The Euro has been very choppy during the month of February as traders are trying to figure out where the two central banks are heading at the moment.
EURUSD
The Euro has been very choppy during the month of February as traders continue to try to sort out what the outlook is going to be for the Federal Reserve and the US dollar. Quite frankly, this pair will probably move on what goes on in Washington DC rather than anything on the continent of Europe, at least as far as I can see looking forward.
The Federal Reserve is thought to be potentially cutting rates 2 times later this year, but the reality is that the United States economy—not only the inflationary numbers but also the labor numbers—have made it not as certain as it once was. This has been the story for 2 years now where the market starts to try to price in the idea of the Federal Reserve cutting aggressively and the reality is something quite different.
Resistance and Monetary Policy
This is not to say that the US central bank is going to start hiking rates, but the reality is that it is not as dovish as a lot of people would have thought. With that being the case, I think you have to look at this as a pair that most likely will be choppy in the month of March as well. If we do rally, the 1.23 level is a major resistance barrier going back several years and it is at least in theory the measured move of the consolidation area that we have been in since last summer.
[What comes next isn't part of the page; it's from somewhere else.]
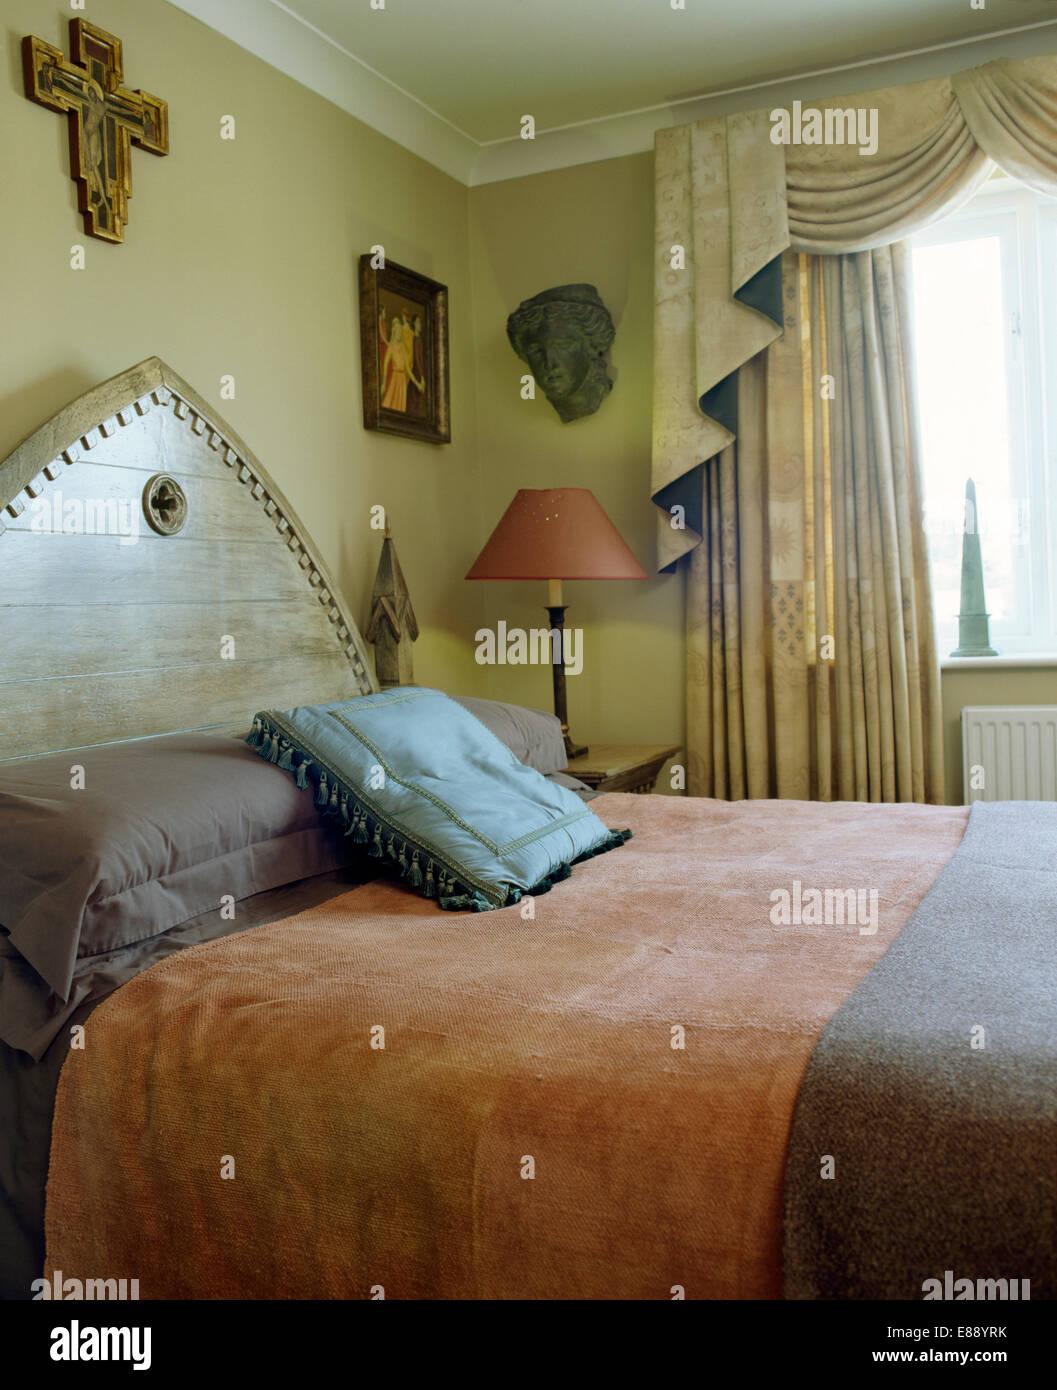 bett mit kopfteil und rosa und blau bettdecke gotische und werfen in schlafzimmer mit swagged und - Gotische Himmelbettvorhnge

Quite frankly, this is all about the US dollar as I mentioned previously and I really don’t have an opinion on the Euro because we know that the European Central Bank is likely to be flat for the rest of the year as far as its monetary policy is concerned and economic growth, or lack of growth in the European Union depending on the country that you are talking about, is a bit of a mixed picture.
Ultimately, there are a lot of geopolitical concerns that could work in the favor of the US dollar so I believe that unless the Euro can break the 1.20 level during the month of March it is likely to remain a very tight market that you will be looking for fading signs of exhaustion.